The tests from the previous section were extended to posterior predictive simulation. To this, the deviance of every sampled parameter vector from the posterior distribution was calculated with respect to two data sets: the original data set and a data set from the joint distribution of data and model parameters. From these, a Bayesian p-value was calculated, which is the fraction of simulation runs for which the deviance on the simulated data set was larger than the deviance on the original data set (Gelman & Meng, 1996). If the Bayesian p-value is close to 0 or 1, the data set is unlikely to result from the fitted joint distribution with respect to its deviance. Because the joint distribution of data and model parameters was fitted based on the assumption of a binomial observer, this represents evidence for nonstationarity. We quantified the power of this test by analyzing how well the test discriminated between a binomial and a betabinomial observer. 
Posterior predictive simulations were also used to derive a Bayesian p-value for the correlations between deviance residuals and recording sequence. 
Influential observations
Another perspective on nonstationary behavior can be gained by analyzing the influence of single data blocks on the fitted psychometric function.
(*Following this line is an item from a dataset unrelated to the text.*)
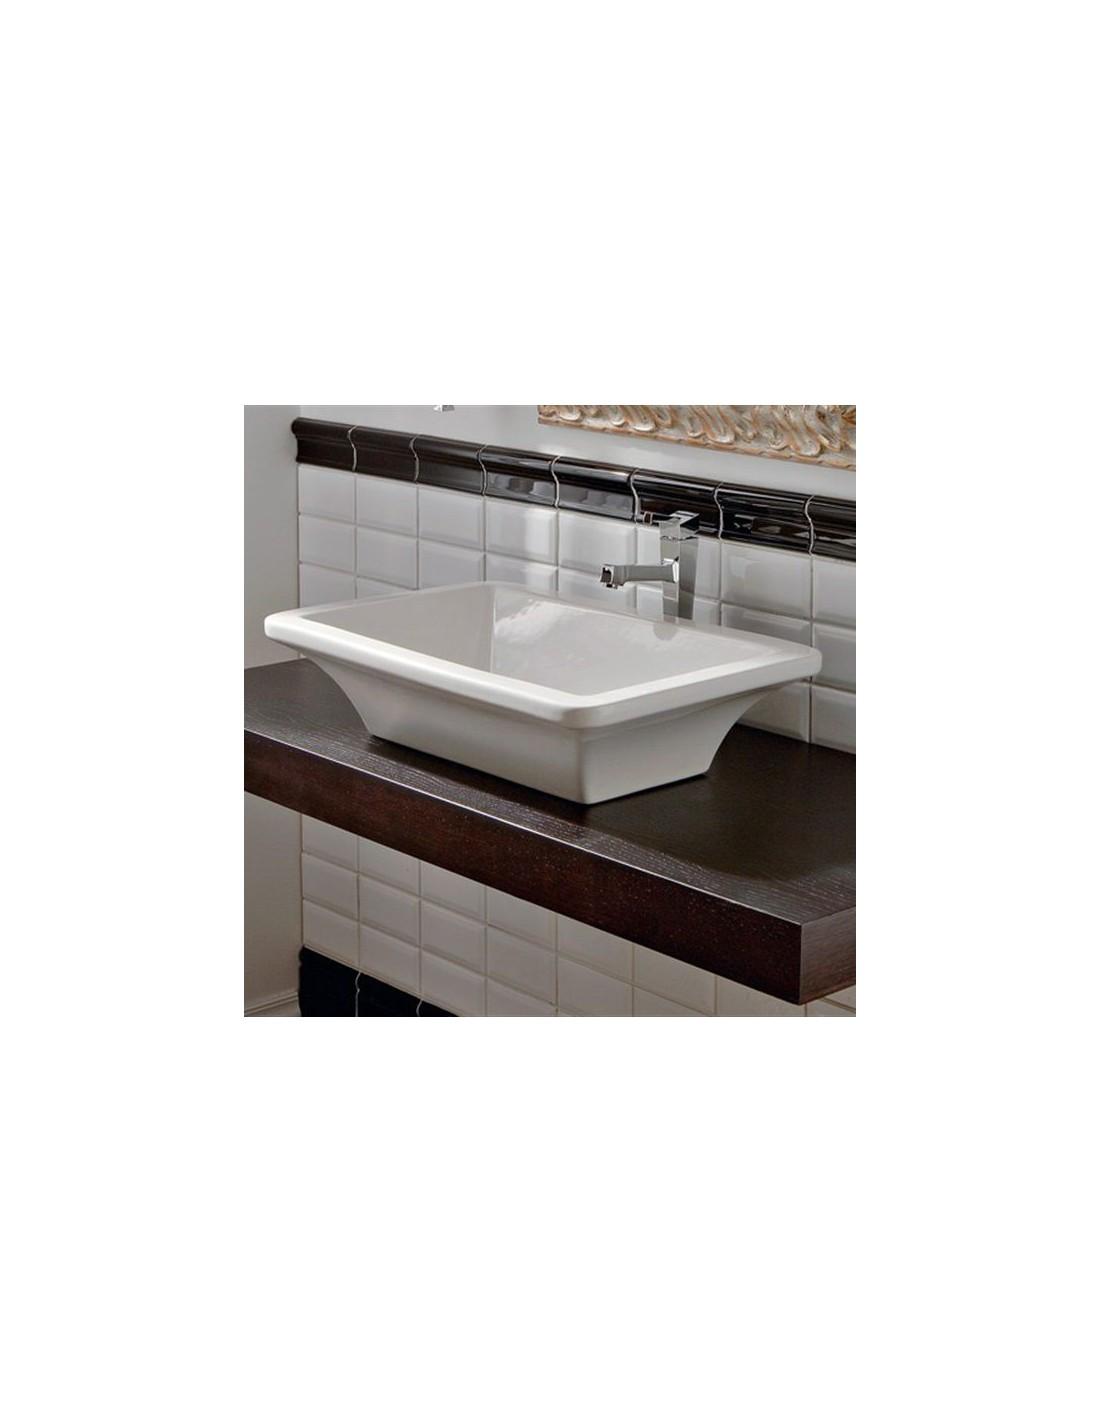 vasque poser butterfly 60 valente design. Black Bedroom Furniture Sets. Home Design Ideas

If a data block has an unduly large influence on the fitted psychometric function, this can have two reasons. Either the psychometric function has been sampled largely suboptimally and is determined only by a small fraction of the data points or the high influence of single data blocks is due to the fact that one data block represents a completely different psychological process than the others. An example for the second situation might be a data block that was recorded at the beginning of learning and, thus, represents unlearned behavior, while all other data blocks refer to more or less learned behavior. An observer that switches strategies from block to block might also result in single blocks with performances that are largely different from the remaining data set. Under some conditions, such an untypical block can have a large—and unwanted—influence on the fitted psychometric function. 
Wichmann and Hill (2001a) propose to determine influential data blocks by a jackknife procedure: To detect an undue influence of data block i on the estimated model parameters, we perform two fits. The first fit is performed on the complete data set, while the second fit is performed on a modified data set in which the ith data block has been omitted. If the fitted model parameters differ between the complete data set and the modified data set, this is evidence that the ith data block has an undue effect on the estimated model parameters. We can extend this strategy to obtain a continuous measure of influence. To this end, we scaled the difference between the complete data fit and the modified data fit such that a difference of 1 means “the modified data fit is exactly on the 95% confidence limit of the complete data fit.” This scaling has been applied to each parameter in isolation. Subsequently, the influence of a single data block was the maximum influence it had on any parameter in isolation. 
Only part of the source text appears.